"He Fancies Boys"
Part II: "The Continuing Story of Bungalow Mick"
by The Disappearing Woolhat
'Hey Bungalow Mick, who sucked your-'

"Eh, enough of that now.  No singing 'ere unless it's done right and proper by the Monkees or the Beatles."

'Sorry.'

It had been a week since the other two occupants of the Pad had found out about the Mike and Micky affair, and they still were dazed by it.  Davy was often sure that Peter really didn't even understand the full extent of it, or maybe he just really liked playing stupid.

"Hey, Dave," drawled Mike, as he sauntered into the room.  Funny how it looked more like chasé-ing instead of sauntering to Davy now that he knew.

"Yeah, Mike, what is it?"

"How about a game of horny, horny homo?"

"WHAT?!"

"I *said*, how about a game of hungry, hungry hippo?"

"Oh, yeah, sure.  Sure, Mike, sounds good to me."
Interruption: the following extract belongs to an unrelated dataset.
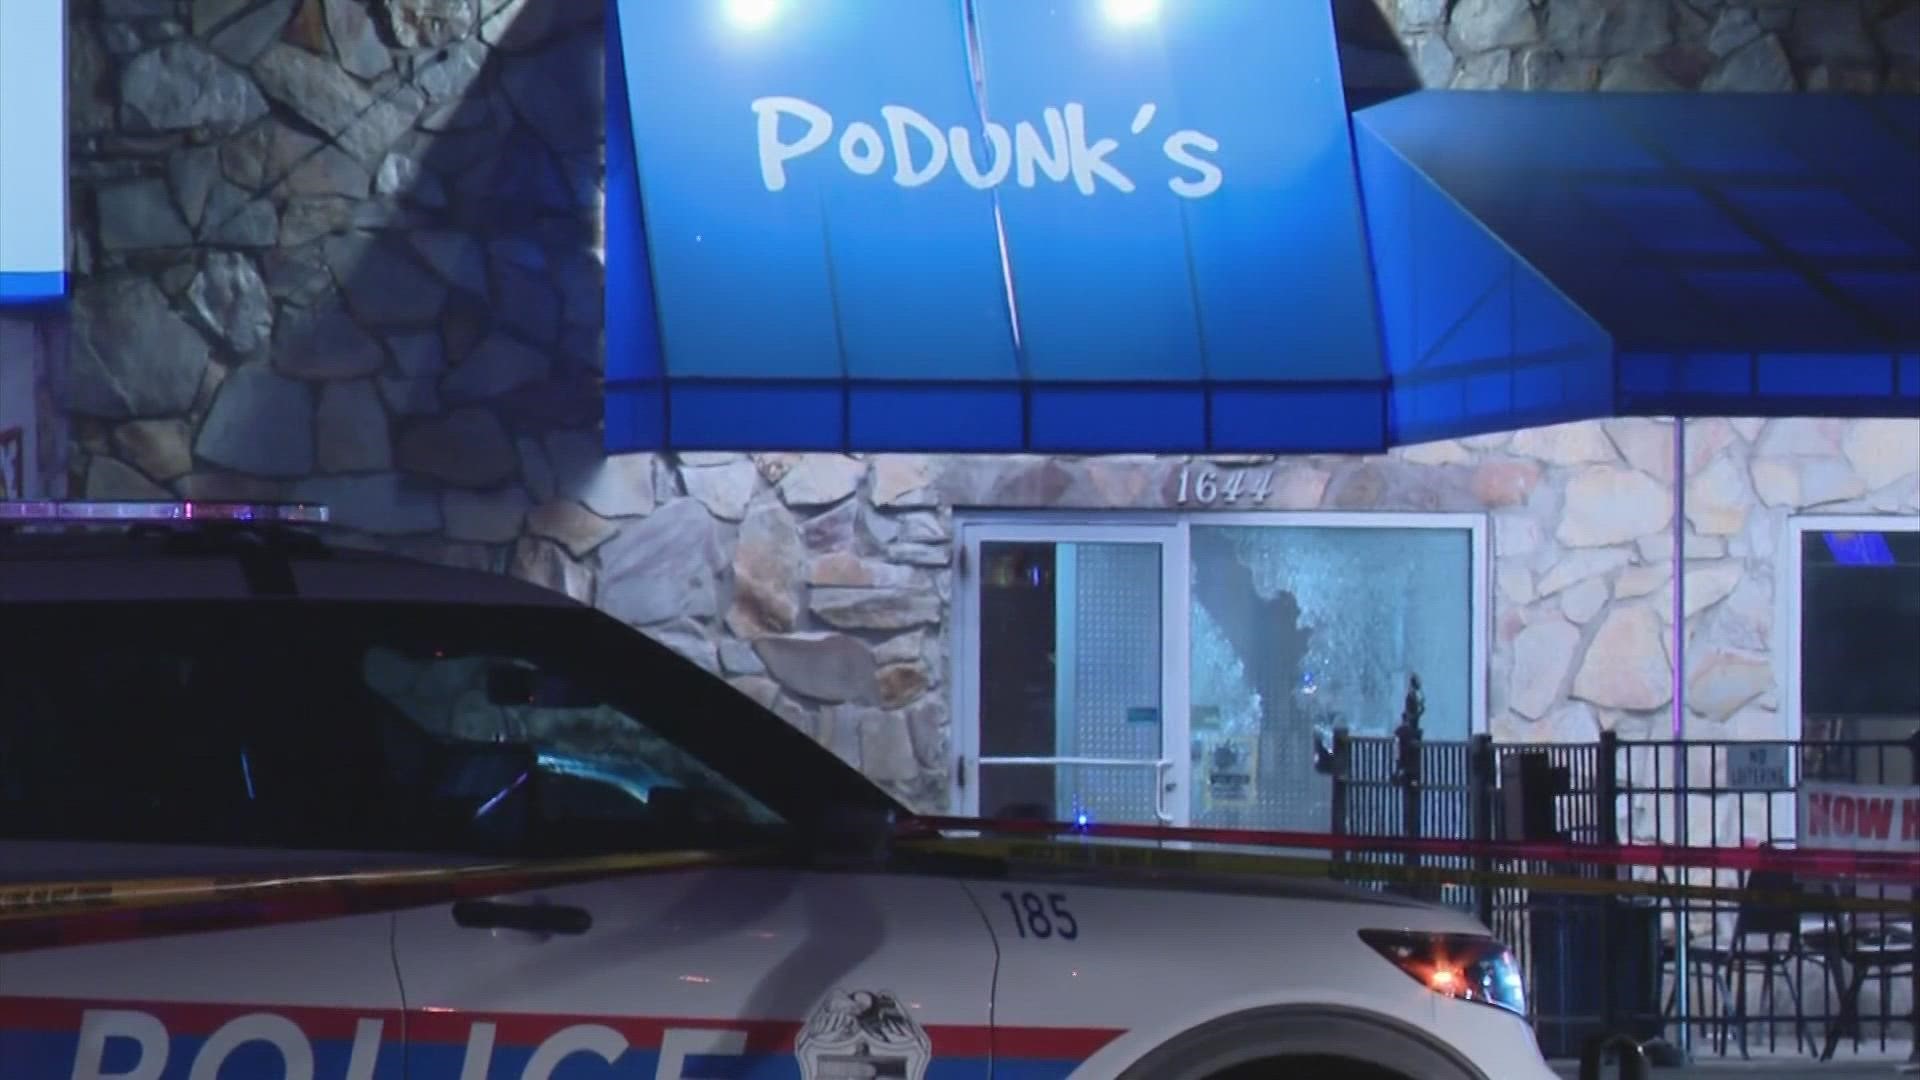 Columbus police say they have been called to Podunk's bar on East Dublin-Granville Road 47 times over the last year.

"I wanna plaaayyyyyy!"  Micky slid down the stair case and landed in a cute little scramble at the bottom.  Mike smiled smugly.  He had wanted to lure Mick out into the open, and he knew the curly-headed man could never resist a heated match of hungry, hungry hippo.
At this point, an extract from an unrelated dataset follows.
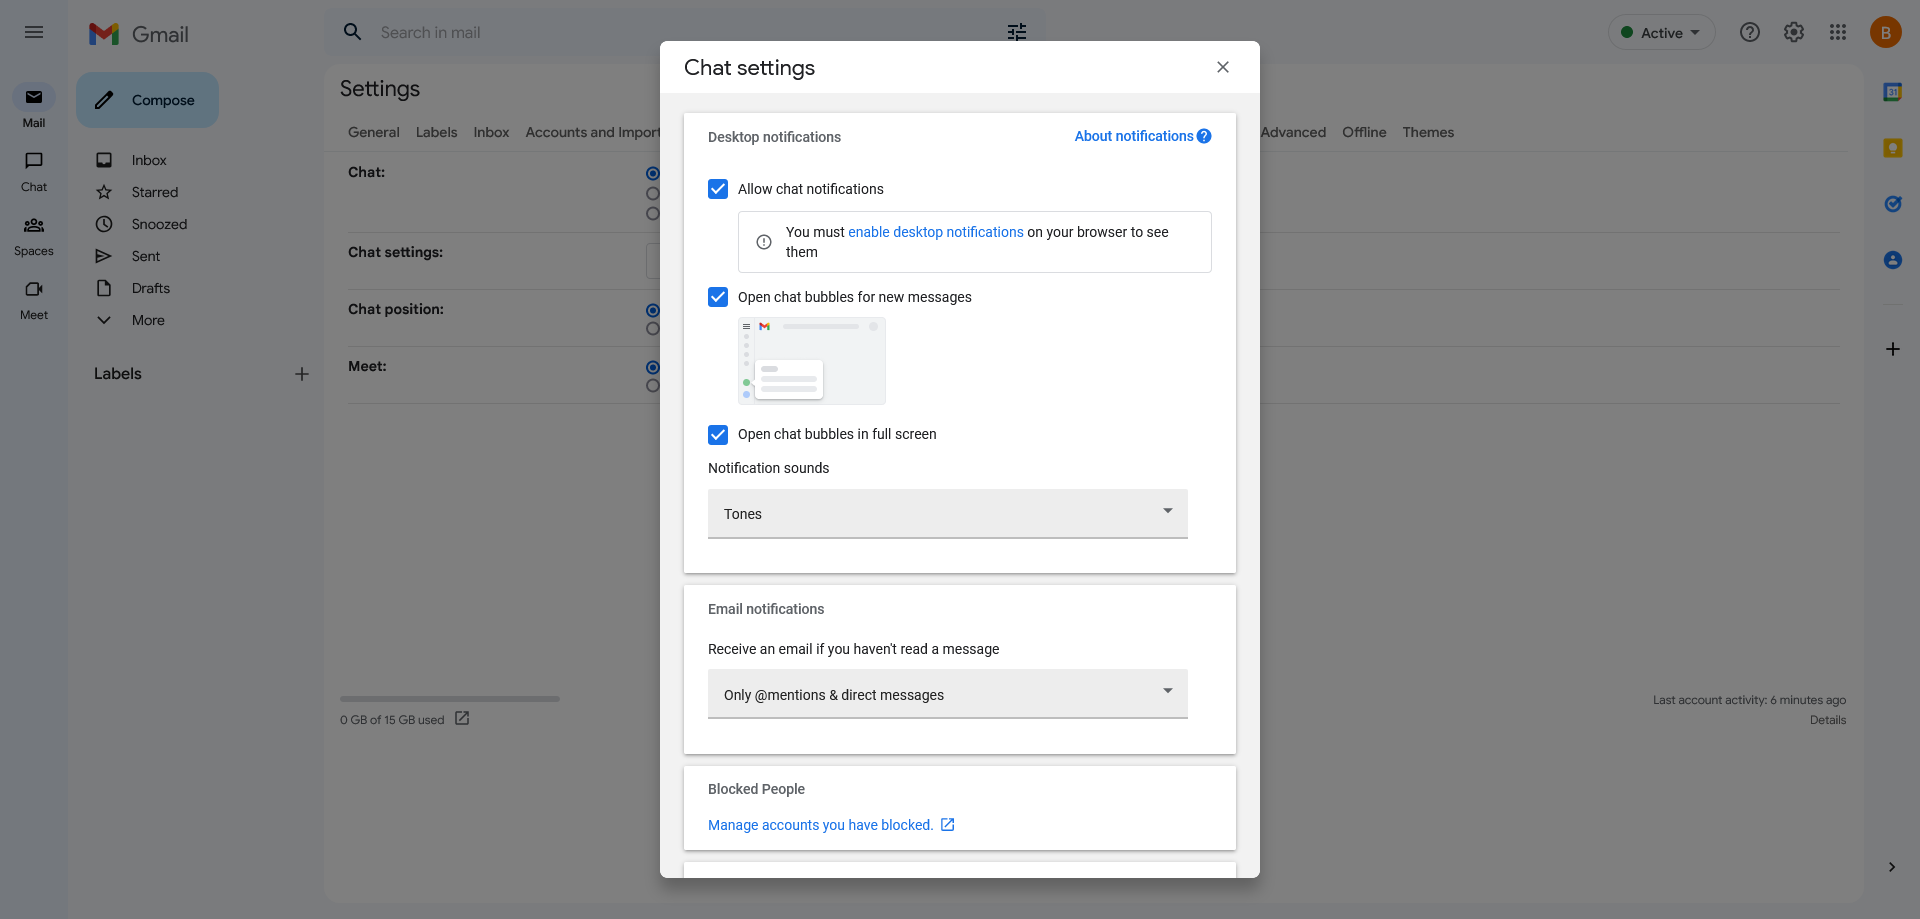 Advanced chat settings in Gmail's new 2022 design

"Pete," Micky shouted, running around in a circle.  Mike sighed, knowing he shouldn't have let him eat
that third Crunch bar.  Nestle's Crunch, the chocolate that puts a Crunch into your day. (Shameless promotion for my favorite candy bar...I'm so bad.)
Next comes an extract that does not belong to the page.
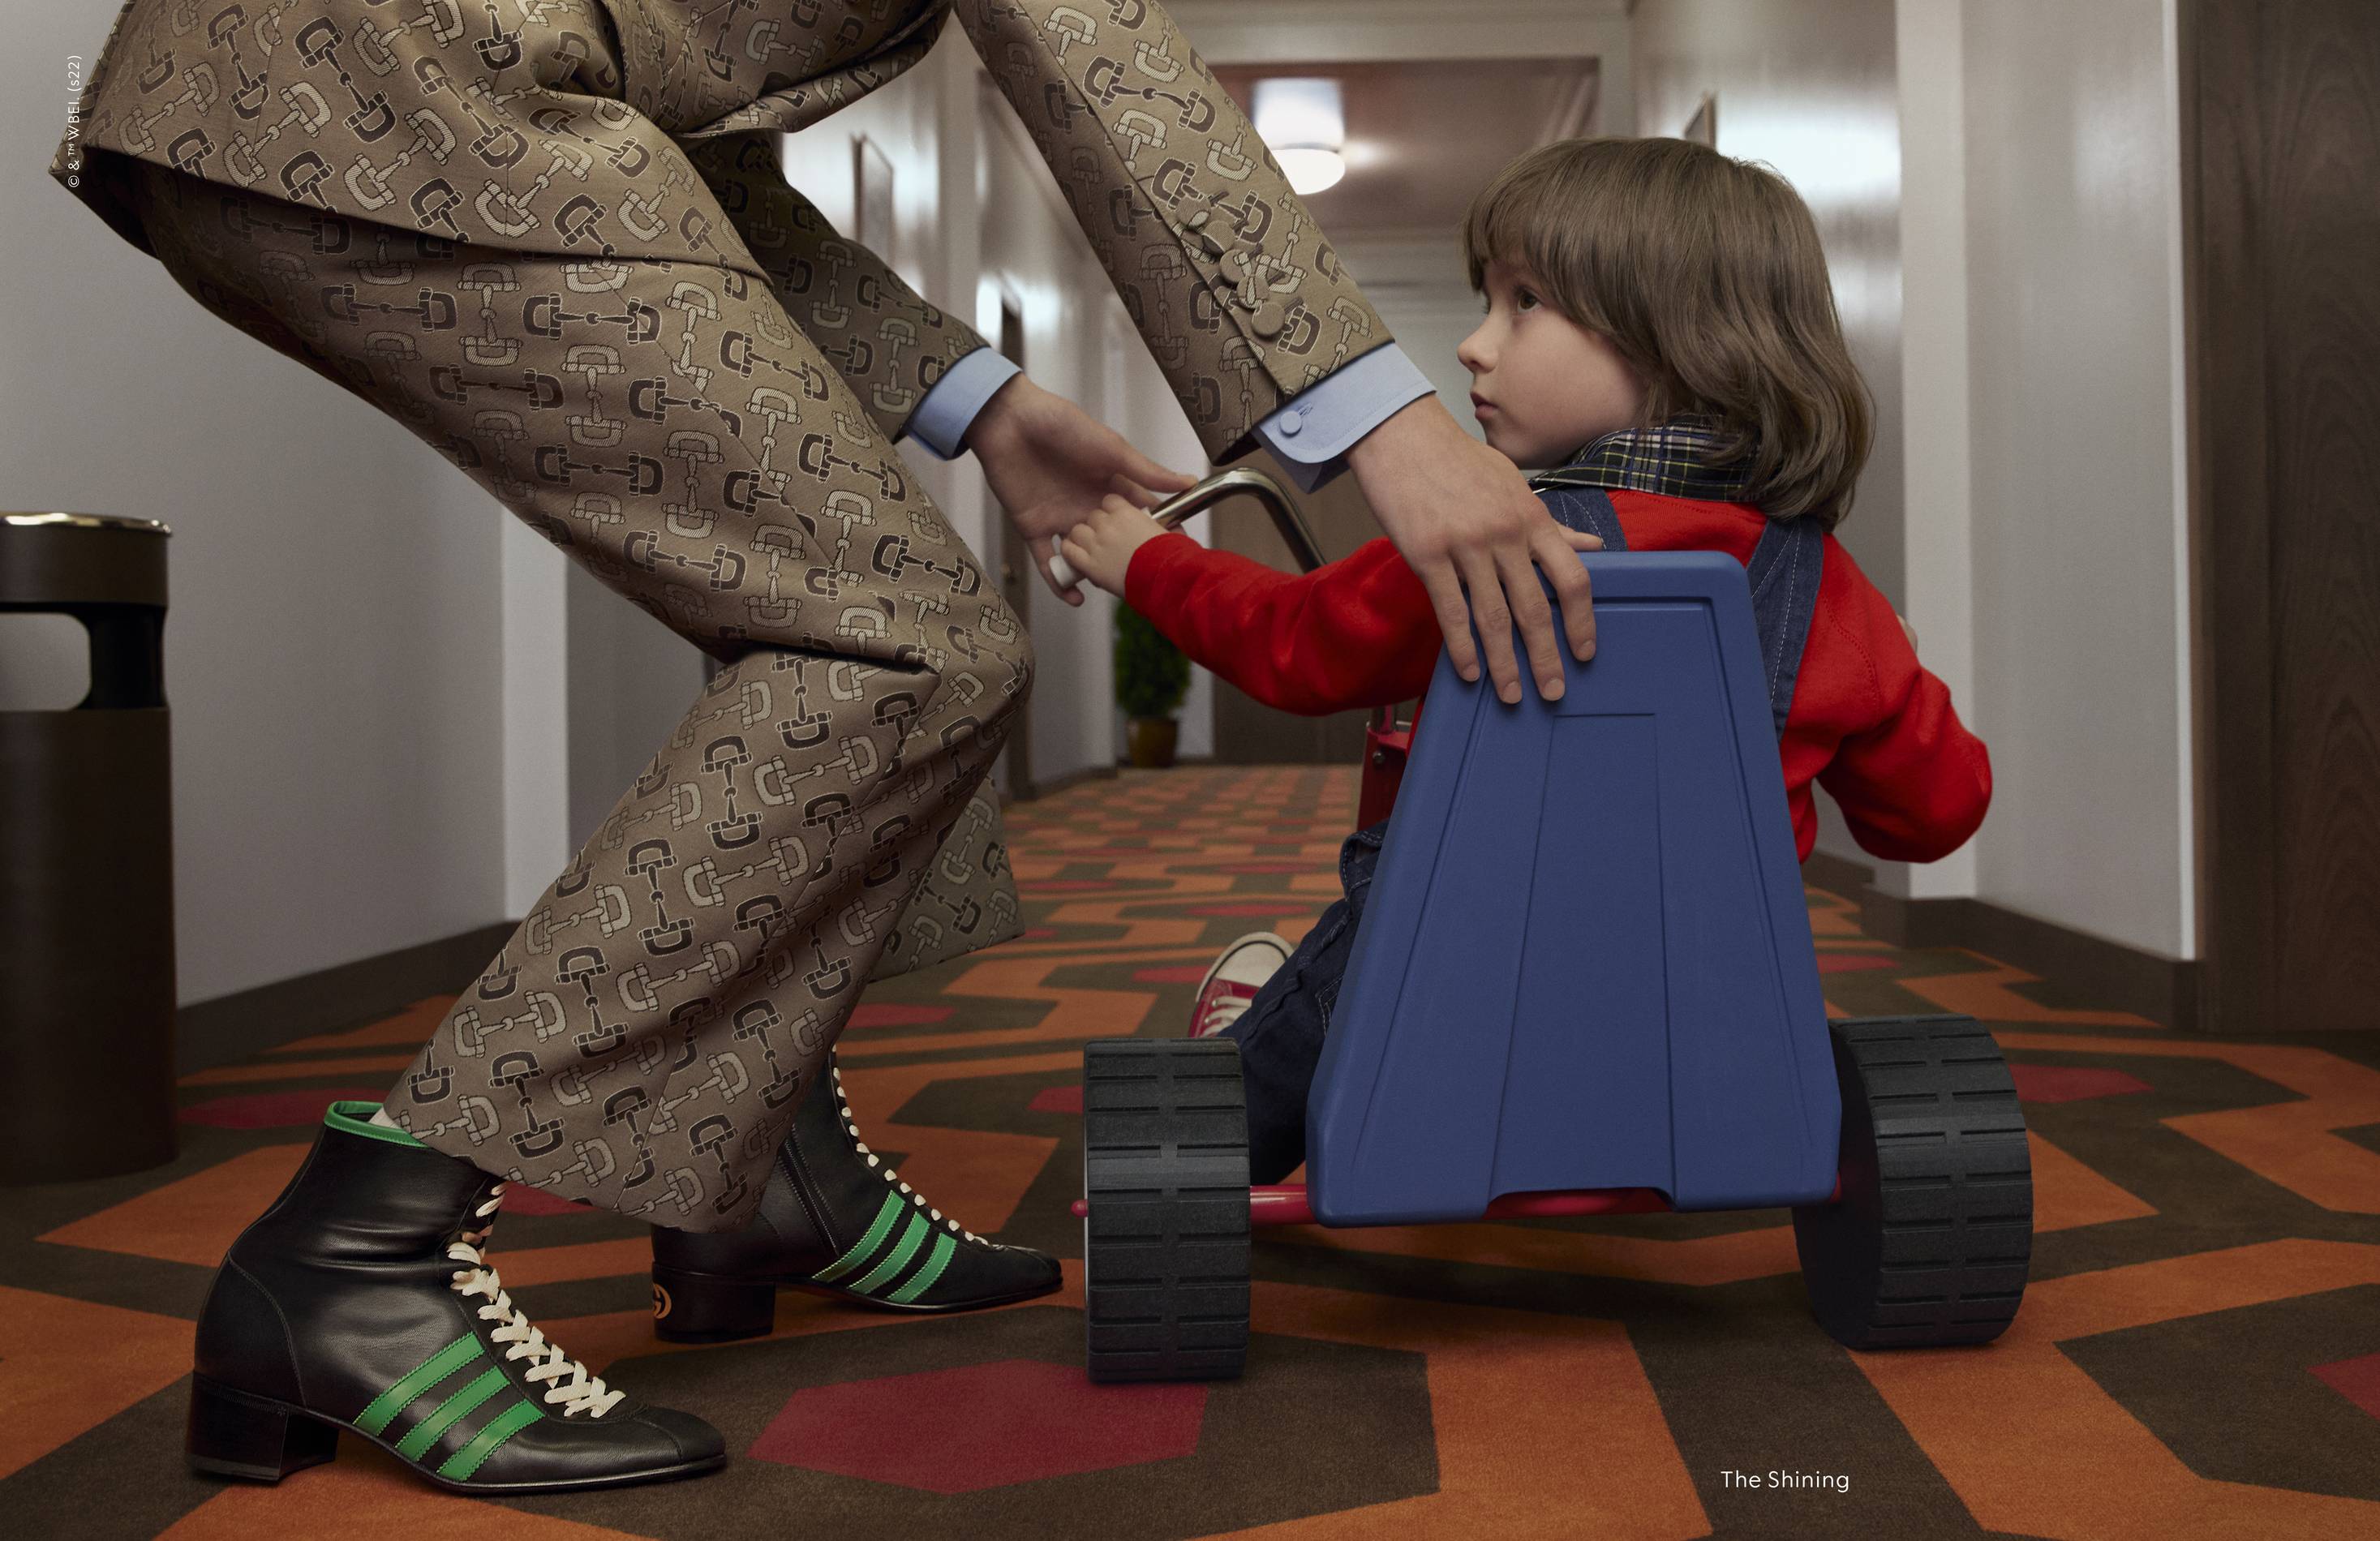 gucci x adidas exquisite campaign image still; the shining

Peter soon joined them and they all sat around the coffee table behind their respective homo- I mean
hippos.

"I'm gonna beat the pants off of you, Mike!"  Micky grinned as his hippo swallowed a few of the little
white spheres.  I would say balls, but...you know... ::Blush and twiddling of fingers::

"Not if I have anything to say about it," Davy said, perhaps a little *too* quickly.  He was nervous enough with the two clothed.  He didn't want to even *think* about them without pants...shudder.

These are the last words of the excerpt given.